In short, the decoupling results of WRL and economic development above are very important for the high-quality economic development of the YREB, which is conducive to the formulation of targeted economic development policies for each provincial area. Based on the above conclusions, this study puts forward the following three suggestions:

  1. (1)

    In terms of the WRL in the YREB, the investment cost of facilities accounts for the largest proportion. The upstream provinces need to steadily increase investment in water resource protection and water pollution control facilities and improve their own economic development at the same time.

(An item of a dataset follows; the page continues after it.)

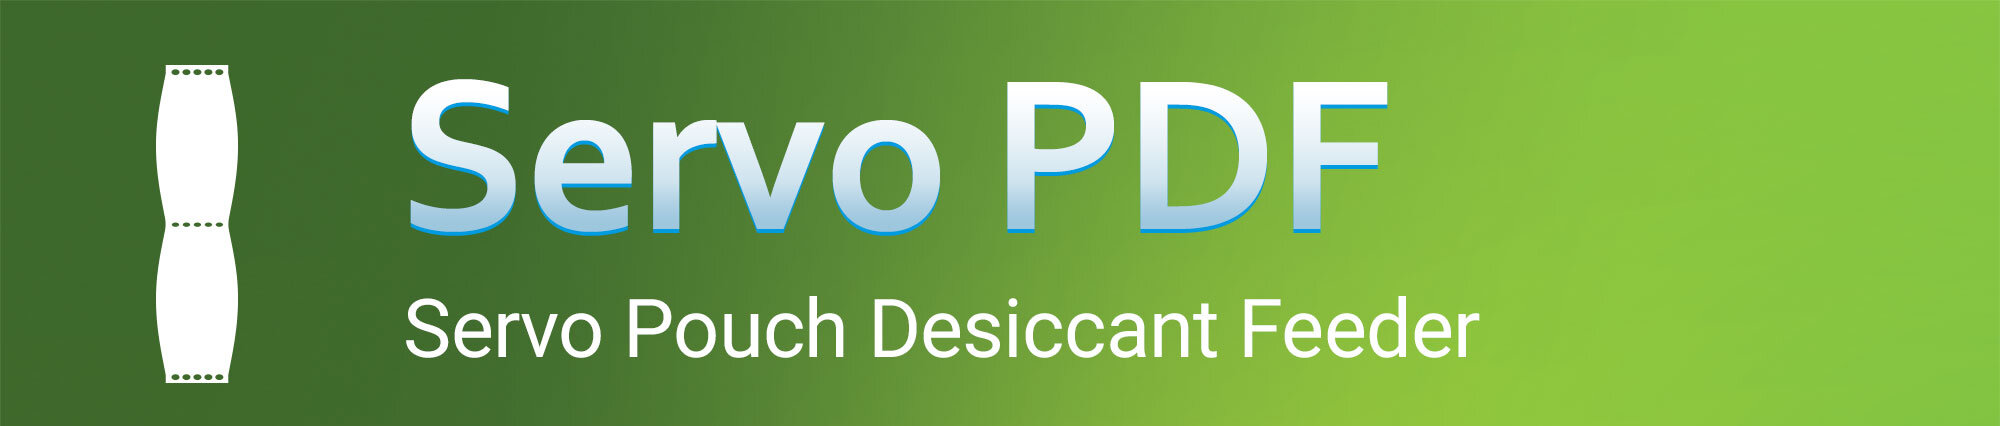 伺服PDF -干燥剂-横幅

On the premise of maintaining the current level of economic development, the downstream provinces should control the investment expenditure on facilities and equipment and improve the efficiency of investment utilization. The YREB should formulate a unified system of joint prevention and control of water resources, further promote the “river chief system,” and strengthen the monitoring of water quantity and quality at provincial demarcation points to reduce WRL.

  2. (2)

    In order to achieve better decoupling status and improve decoupling stability of the YREB, all the provinces in the YREB should pay attention to the WRL management. The provinces with high economic level should reduce WRL by improving the investment efficiency and controlling investment expenditure, while the provinces with low economic level should improve their economic strength on the premise of protecting water resource environment.

  3. (3)

    The YREB should adhere to sustainable water resource management. The competent departments at all levels should reduce the cost of water pollution control by strengthening the current pollution control of water resources, reducing the investment cost of water resources facilities and equipment by enhancing the utilization efficiency of water resources facilities, and reducing the cost of water loss by strengthening the efforts of water conservation.